Self-Attention & Transformers
Self-Attention in Plain Terms
For every token, the model asks: "Which other tokens in this sequence should I pay attention to right now?"
It scores every token against every other token. High score = high relevance. The result is a new representation of each token that incorporates context from the entire sequence.
The Q, K, V Mechanism
For each token, the model computes three vectors from its embedding:
| Vector | Role | Analogy |
|---|---|---|
| Query (Q) | "What am I looking for?" | Your search query |
| Key (K) | "What do I contain?" | The index entry |
| Value (V) | "What information do I provide?" | The actual data |
The Math
Attention(Q, K, V) = softmax(Q × K^T / √d_k) × V
- Q × K^T — dot product of query with every key. Produces attention scores.
- ÷ √d_k — scale down to prevent exploding gradients.
- softmax — normalize scores to sum to 1 (probability distribution).
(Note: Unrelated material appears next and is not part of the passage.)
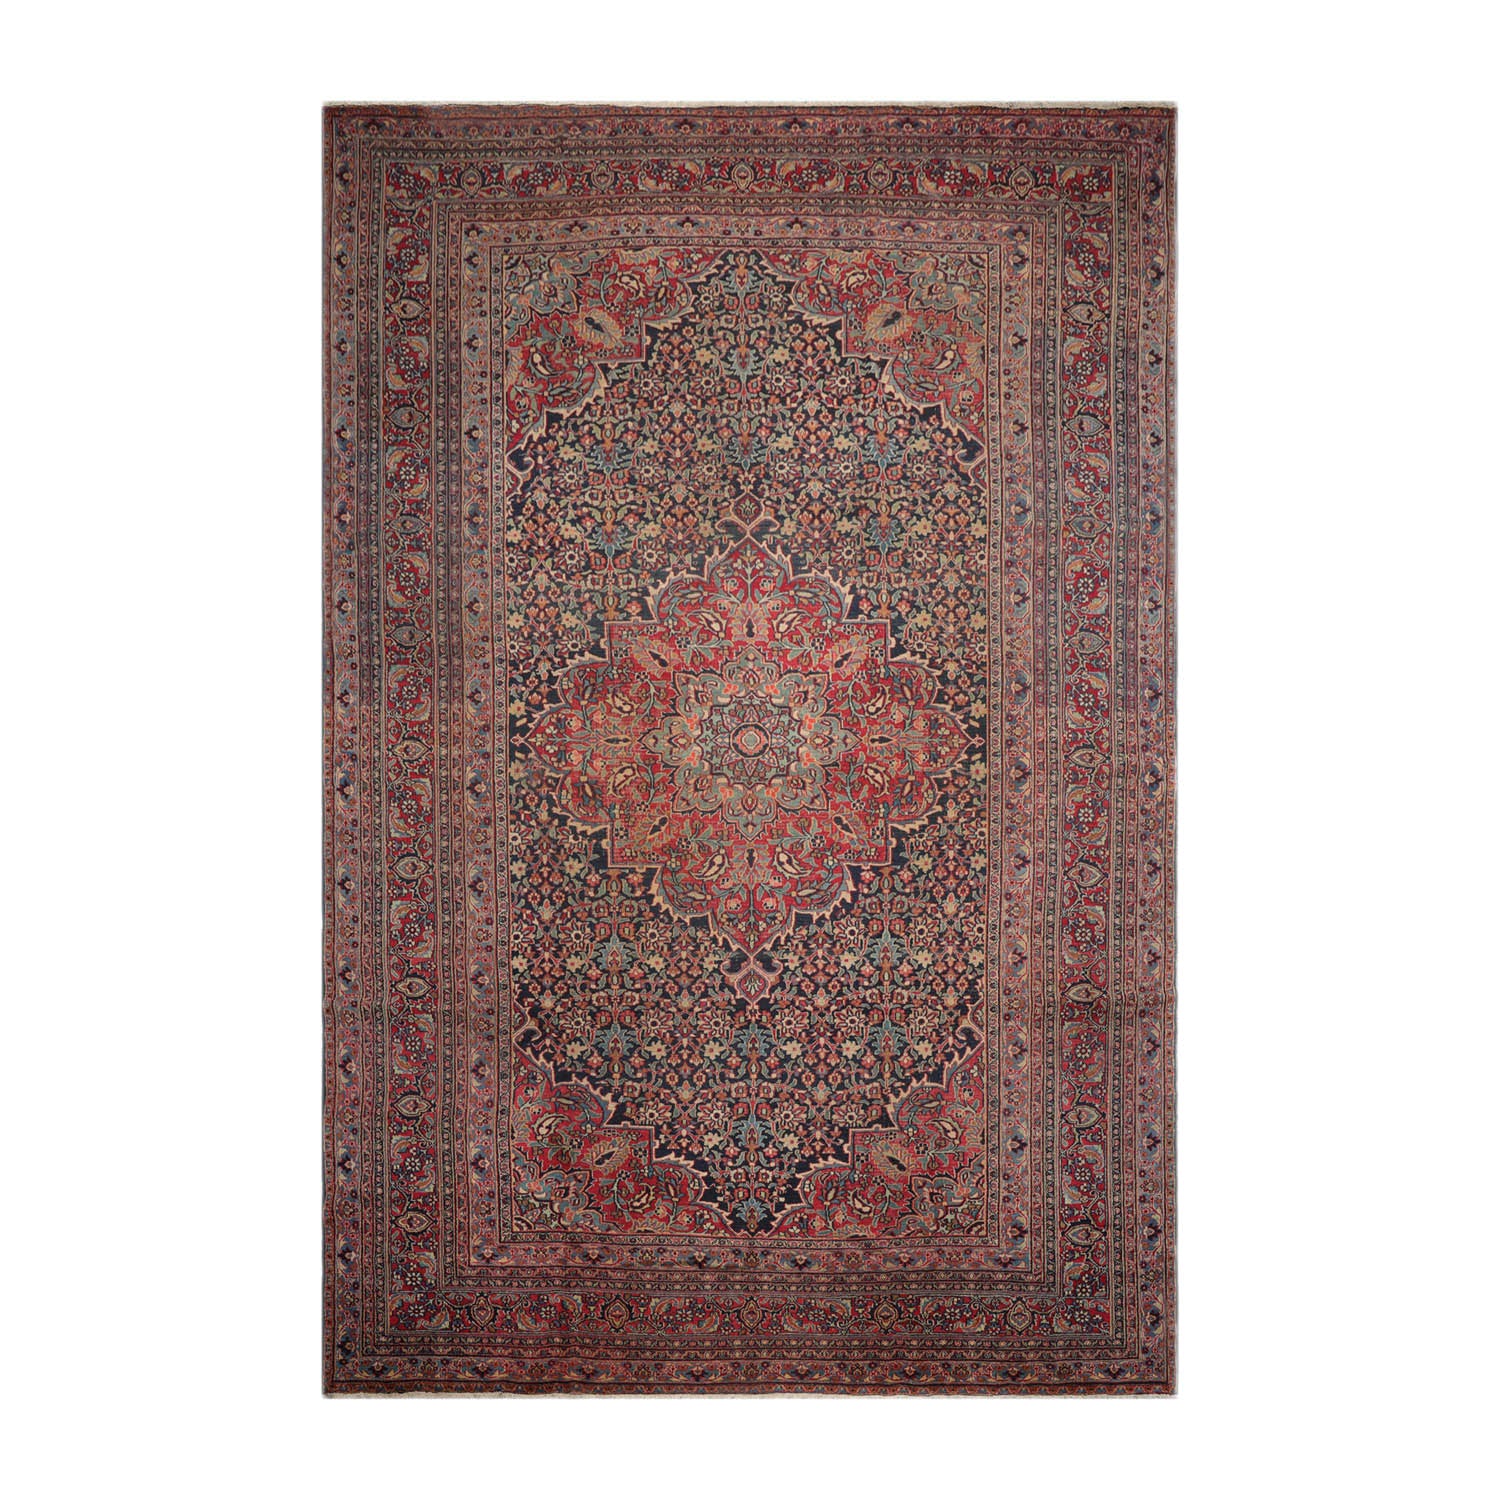 Nevitt Palace Hand Knotted 100% Wool Khorassan Traditional Oriental Area Rug Midnight Blue, Blush Color

- × V — weighted sum of value vectors based on attention weights.
Example
For the sentence "The hacker breached the firewall":
When processing the second "the", the model computes attention scores:
| Token | Attention Weight | Why |
|---|---|---|
| the (1st) | 0.05 | Low — generic word |
| hacker | 0.10 | Some relevance |
| breached | 0.35 | High — what happened? |
| the (2nd) | 0.05 | Self — less useful |
| firewall | 0.45 | Highest — what "the" refers to |
The output representation of "the" now contains information about "firewall" and "breached" — it knows it means "the firewall."
Multi-Head Attention
A single attention computation captures one type of relationship. Multi-head attention runs several attention operations in parallel, each with different learned Q/K/V projections:
- Head 1 might learn syntactic relationships (subject-verb)
- Head 2 might learn semantic relationships (what does "it" refer to?)
- Head 3 might learn positional proximity (nearby words)
- Head N might learn long-range dependencies
The outputs of all heads are concatenated and projected back to the model dimension.
Causal Masking
For autoregressive models (GPT, Claude, Llama), each token can only attend to tokens before it — not after. This is enforced with a causal mask that sets future positions to negative infinity before the softmax.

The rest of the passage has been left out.